▶ [Task objective]:
Among the entries below, please show each line that carries the word "Stock".

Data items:

.....

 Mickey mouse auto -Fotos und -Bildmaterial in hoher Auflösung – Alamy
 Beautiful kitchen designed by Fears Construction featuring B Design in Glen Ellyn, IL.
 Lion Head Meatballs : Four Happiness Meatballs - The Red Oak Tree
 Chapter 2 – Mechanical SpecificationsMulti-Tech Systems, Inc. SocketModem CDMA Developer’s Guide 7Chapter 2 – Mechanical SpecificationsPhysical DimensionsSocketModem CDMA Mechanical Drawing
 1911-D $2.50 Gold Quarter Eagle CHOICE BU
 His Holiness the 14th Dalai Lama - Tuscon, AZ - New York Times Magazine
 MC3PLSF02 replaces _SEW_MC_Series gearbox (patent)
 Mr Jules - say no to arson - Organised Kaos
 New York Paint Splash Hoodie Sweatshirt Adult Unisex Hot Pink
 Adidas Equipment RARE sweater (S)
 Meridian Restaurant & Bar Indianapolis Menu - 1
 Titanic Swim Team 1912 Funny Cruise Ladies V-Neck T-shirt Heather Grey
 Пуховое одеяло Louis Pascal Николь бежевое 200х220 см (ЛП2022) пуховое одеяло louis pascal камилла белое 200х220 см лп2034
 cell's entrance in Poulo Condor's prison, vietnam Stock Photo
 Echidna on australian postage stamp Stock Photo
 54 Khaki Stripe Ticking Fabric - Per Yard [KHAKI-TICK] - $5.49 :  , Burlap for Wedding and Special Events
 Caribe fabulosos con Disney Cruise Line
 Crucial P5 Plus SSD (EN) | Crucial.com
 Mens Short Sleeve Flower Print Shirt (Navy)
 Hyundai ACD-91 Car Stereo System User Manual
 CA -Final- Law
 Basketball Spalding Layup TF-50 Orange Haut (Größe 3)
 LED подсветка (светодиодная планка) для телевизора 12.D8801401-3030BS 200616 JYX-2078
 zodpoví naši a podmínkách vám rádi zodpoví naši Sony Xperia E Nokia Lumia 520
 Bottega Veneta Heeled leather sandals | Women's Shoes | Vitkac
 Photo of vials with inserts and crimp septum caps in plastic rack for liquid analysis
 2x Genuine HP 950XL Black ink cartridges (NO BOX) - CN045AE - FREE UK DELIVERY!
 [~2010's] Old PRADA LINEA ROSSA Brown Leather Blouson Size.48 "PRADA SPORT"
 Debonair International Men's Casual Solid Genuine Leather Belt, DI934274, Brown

.....

▶ [Finished task]:
 cell's entrance in Poulo Condor's prison, vietnam Stock Photo
 Echidna on australian postage stamp Stock Photo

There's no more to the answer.